How COVID-19 is putting AI at center stage

The rapid adoption of AI to fight COVID-19 is likely to provide evidence for what works—and what doesn’t—for healthcare applications.
Jeff Rowe

While AI has been widely enlisted in the fight against the coronavirus, those on the front lines of patient care aren’t the only ones who’ve turned to the suite of new technologies for assistance in moving healthcare forward.

As a recent article in Genetic Engineering & Biotechnology News noted, many stakeholders in biotech are beginning to explore the potential for AI to help them develop new drugs or repurpose existing drugs to treat COVID-19.

AI hasn’t always been embraced by the biotech industry, Ronald Dorenbos, PhD, MSc, director and founder of consulting firm BioFrontline, said. “A lot of the conservatism that was there in the industry is now kind of disappearing. Even some of these people that were against using [AI and machine learning], they now see the advantages.”

Not surprisingly, among the current venues being explored is repurposing drugs to help treat COVID-19.

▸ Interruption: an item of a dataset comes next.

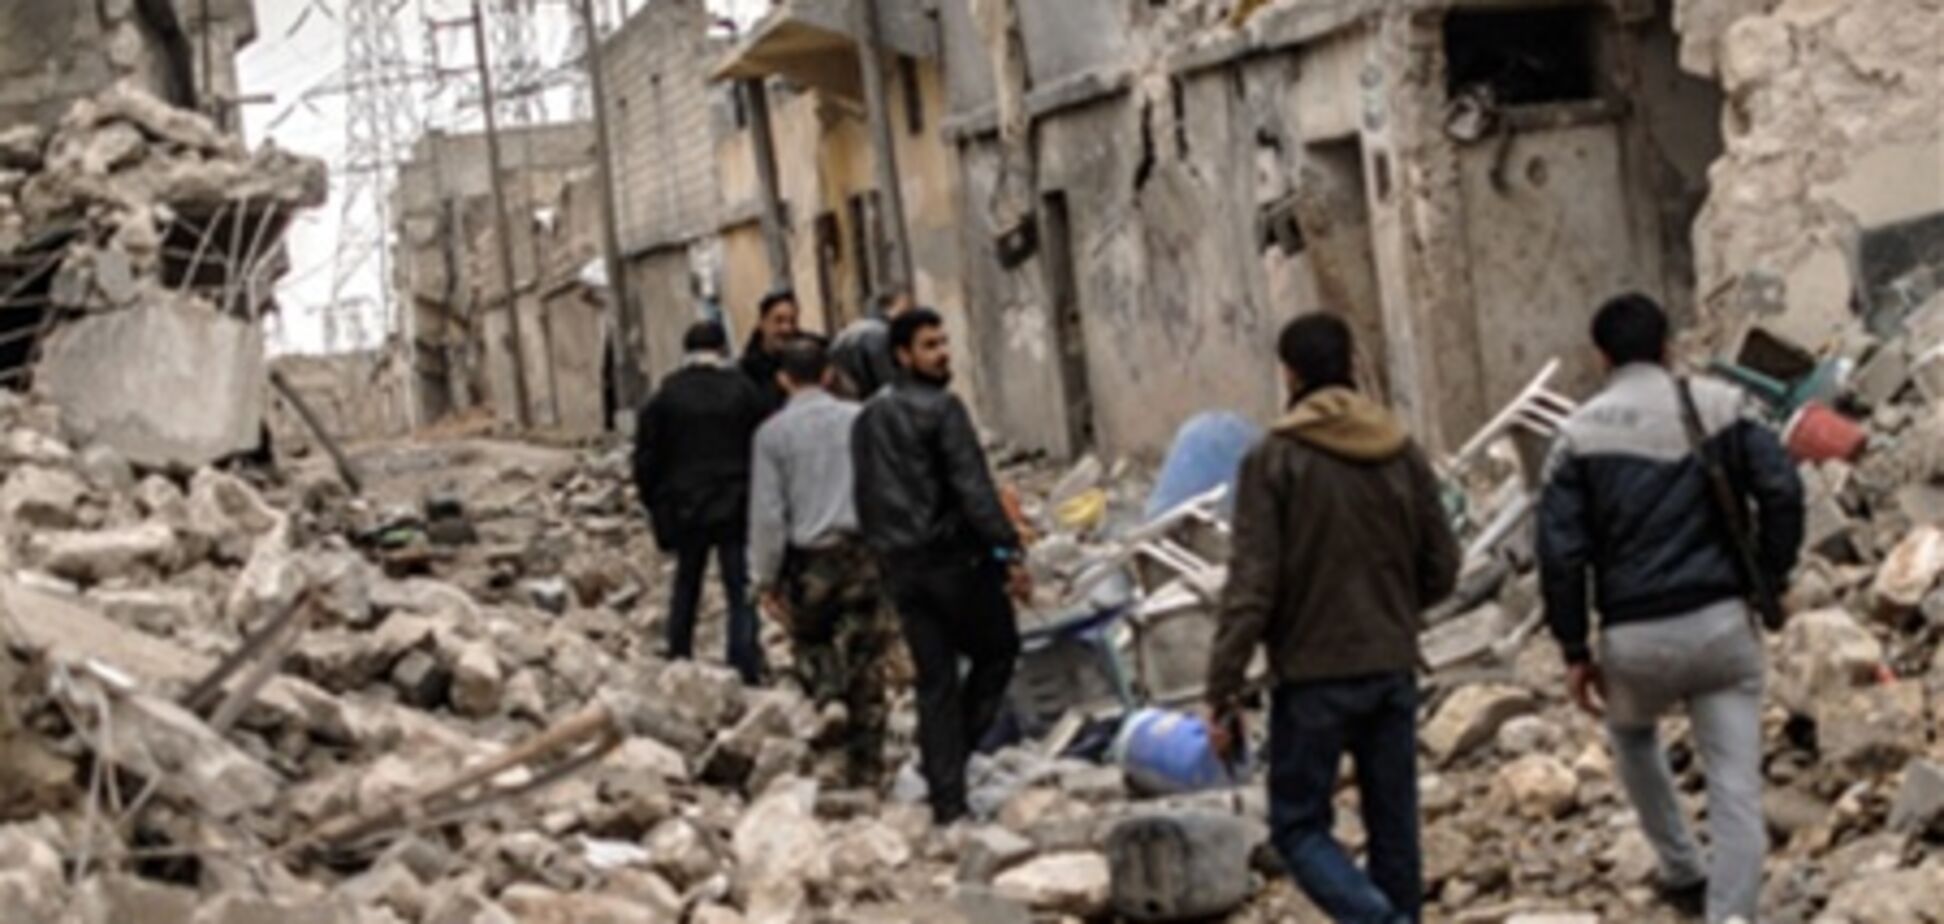 ООН: число жертв конфликта в Сирии приближается к 70 тысячам

For example, Russ Altman, MD, PhD, co-director of the Stanford Institute for Human-Centered AI, pointed to the use of AI to examine EMRs. The question there is: “Do I see patterns in the medications the patients are on, the pre-existing diseases they have or other elements of their EMRs that predict when they do poorly and when they do well?”

Altman explained that if a molecular prediction points to a small-molecule drug, and medical record databases show that patients taking that drug for another condition are not showing up in the ICU as would be expected, that’s interesting. “If we see that those same drugs are underrepresented in COVID-19 severe patients, that might suggest there’s been [an experiment] already done on these drugs indicating that they might be useful. These would give you a lot of confidence you’re on the right track.”

Other companies are also using AI in COVID-19 drug discovery, the article noted, but with the goal of identifying entirely new drug candidates. 

For example, the article points to a recently announced collaboration agreement between French AI startup Iktos and SRI International, a non-profit research institute in Menlo Park, California, to accelerate development of novel antivirals.

According to Nathan Collins, PhD, SRI’s chief strategy officer for biosciences, the partnership’s goal is to reduce the time to develop a target molecule to do preclinical and clinical testing from 3-5 years to a matter of months.

SRI has designed several automated systems for rapid reaction design to design molecules using AI to identify the best synthetic route. “We take that synthetic method and apply it to a very rapid reaction screening system that uses inkjet printing to screen the chemical methods that we’ve predicted on our AI systems to say what will actually work vs. what we will need to do more work to make actually happen,” Collins told GEN.

In the end, Stanford’s Altman cautioned that, for all the potential, beyond the pandemic AI is destined to be one piece of the overall technology puzzle.

“When we get through this, we will look back and see AI did act as a team member with the other technologies and contribute to a solution coming faster than we would have otherwise,” he said. “This could be a moment where we saw how to use AI in a constructive way to help with these big medical and biomedical challenges.”